A contemplação estética é um bálsamo em meio às durezas da vida, espécie de hora 
de recreio que nos dá um descanso da seriedade da existência. "Séria é a vida, jovial 
é a arte", diz Schiller. 
 
O livro IV retoma a consideração do mundo "como Vontade", porém agora trata 
do momento decisivo de sua "afirmação ou negação". Examina as ações humanas e 
seu sentido. É uma metafísica da ética. Chegando ao conhecimento de si, a Vontade 
cósmica, num ato de liberdade no mundo da necessidade fenomênica, e iluminada 
pelo conhecimento do todo da vida, de seus conflitos e sofrimentos em toda parte, 
decide se continua a querer esta vida sofredora ou se renuncia a ela: no primeiro caso 
se tem, no ápice, a figura do herói; no segundo, a figura do asceta. Aqui o budismo 
entra em cena, pois o ato de negação da Vontade é chamado por Schopenhauer de 
nirvana. Num mundo parecido ao inferno e de tormentos por todos os lados, o santo 
vê a humanidade sofredora, confunde-se compassivamente com ela e desiste da vida: 
efetua a grande viragem, sabe que a única saída, a grande saúde é o nada. Mas tal 
estado não é de tristeza, como se poderia pensar num primeiro instante, e sim de 
alegria interior, bem-aventurança. O asceta sabe que com a negação do querer nega, 
ao mesmo tempo, a fonte dos sofrimentos. É um momento em que o pensamento de 
Schopenhauer·desemboca no misticismo, no silêncio em face do grande 
acontecimento do mundo, pois a linguagem só pode mostrar tais acontecimentos, 
indicar biografias de santos, sem poder esgotar o sentido deles. Algo dramático para 
alguém, o filósofo, que lida primariamente com a linguagem no ofício de expressar-se 
sobre a condição humana e do cosmo. O sentido do mundo não é apreensível pela 
linguagem (como já não· era o acesso à coisa-em-si, feito pelo sentimento interno da 
causalidade corporal). Paradoxalmente, é no silêncio que melhor se apreende (sente) 

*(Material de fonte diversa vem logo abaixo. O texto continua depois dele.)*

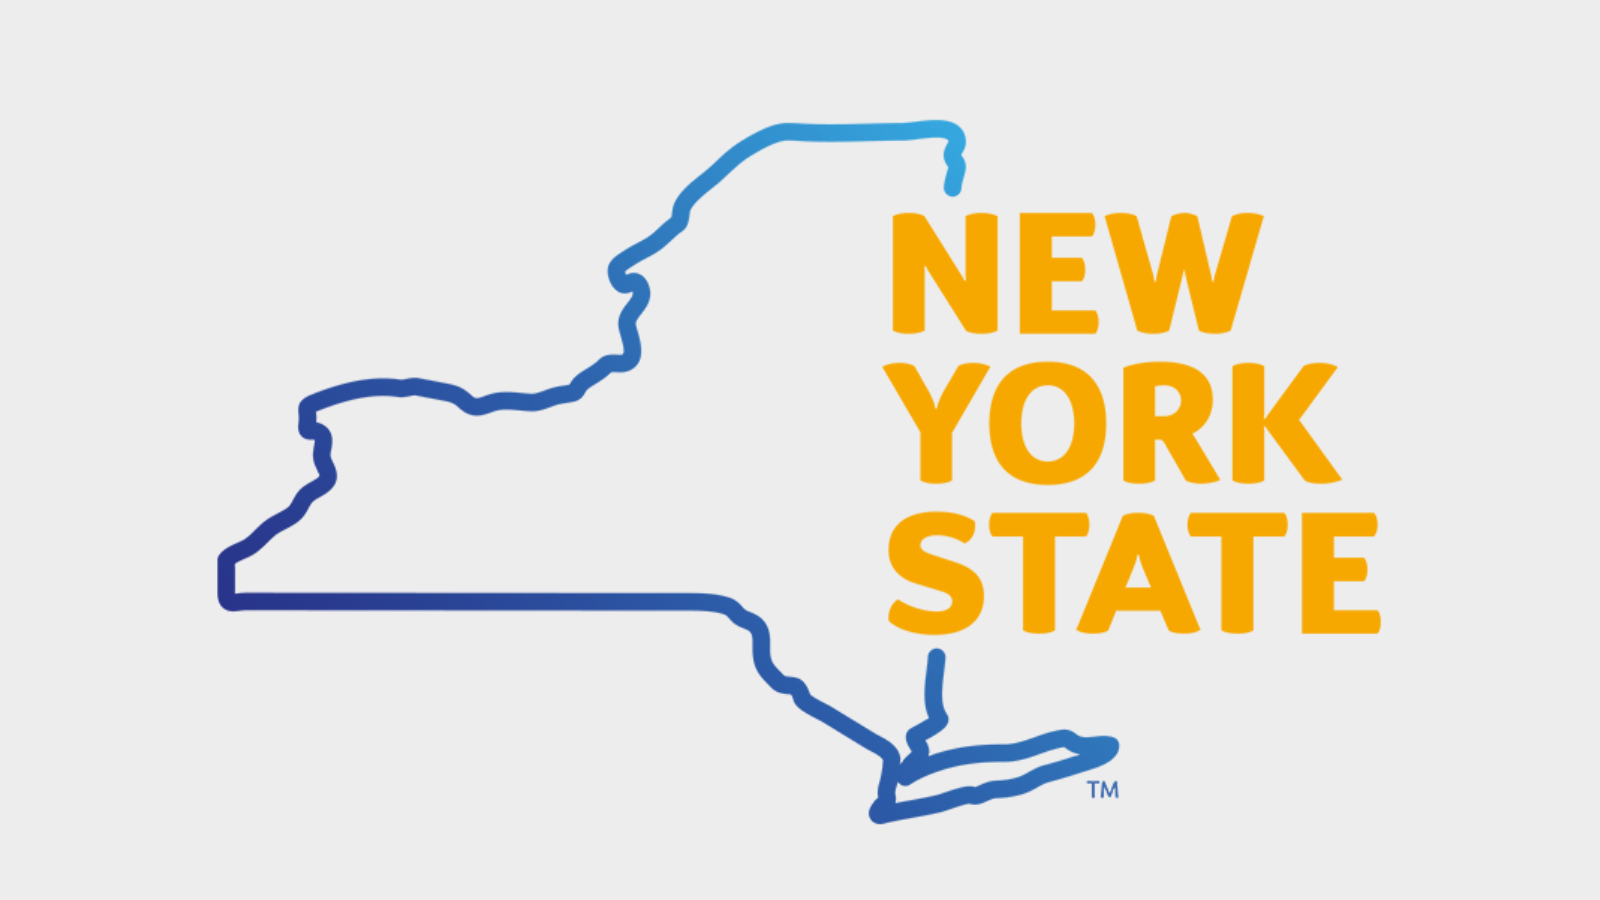 Governor Hochul Announces $150 Million New York Forward Loan Fund 2 to Provide Flexible Loans to New York State Small Businesses
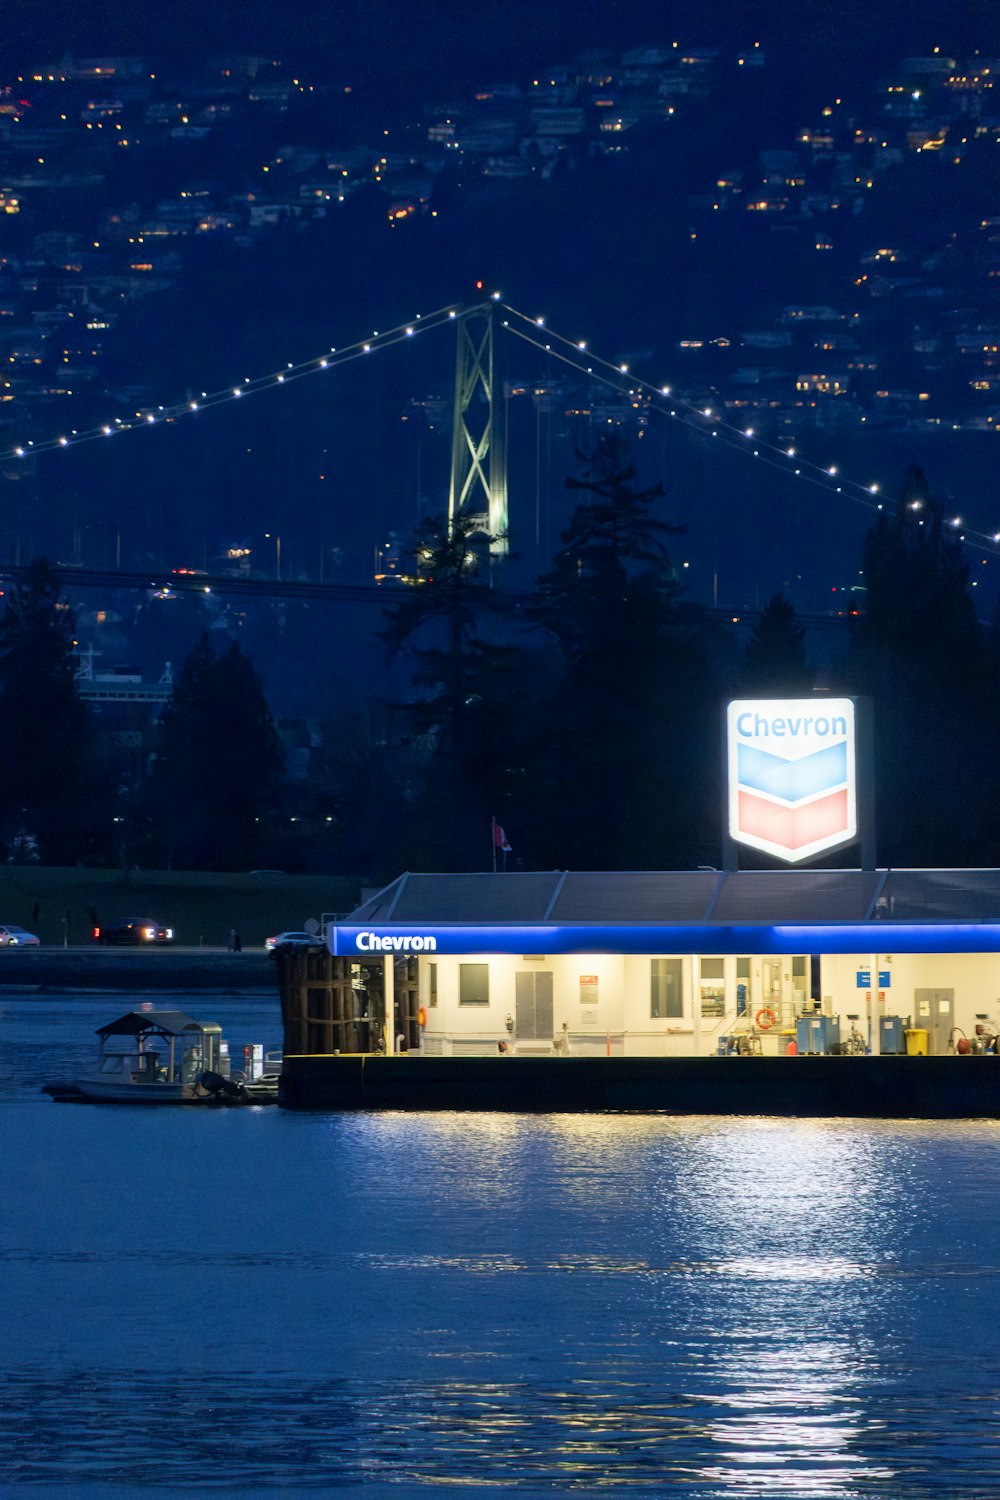 a restaurant on the water with a bridge in the background

o sentido daquilo que pode ser claramente dito. É no silêncio que se apreende o quê 
do como do mundo. Semelhante limite da expressão lingüística é sintomaticamente 
indicado na "palavra" final de Schopenhauer, grafada no último termo do livro IV de 
sua obra, e destacada de todo o corpo do texto por um travessão, - “Nichts" - nada. 
 
Seja pela teoria do conhecimento, metafísica da natureza, metafísica do belo 
ou metafísica da ética, o autor pretende sempre ter à mão uma porta de entrada ao 
conteúdo de seu "pensamento único". Uma parte se refere à outra e é por ela 
pressuposta. Apresenta uma "coesão orgânica", isto é, "uma tal em que cada parte 
tanto conserva o todo quanto é por ele conservada, nenhuma é a primeira ou a última, 
o todo ganha em clareza mediante cada parte, e a menor parte não pode ser 
plenamente compreendida sem que o todo já o tenha sido previamente" (prefácio à 
primeira edição). A prosa clara e bem ritmada (repetições) do filósofo até nos permite 
começar a leitura de sua obra por qualquer um dos seus quatro livros, mas, 
didaticamente, convém seguir a ordem por ele escolhida. 
 
Referência: 
 
BARBOZA, Jair. Apresentação. Um livro que embriaga. In: SCHOPENHAUER, Arthur. 
O mundo como vontade e como representação, I. tomo. Tradução, apresentação, 
notas e índices de Jair Barboza. São Paulo: Editora UNESP, 2005.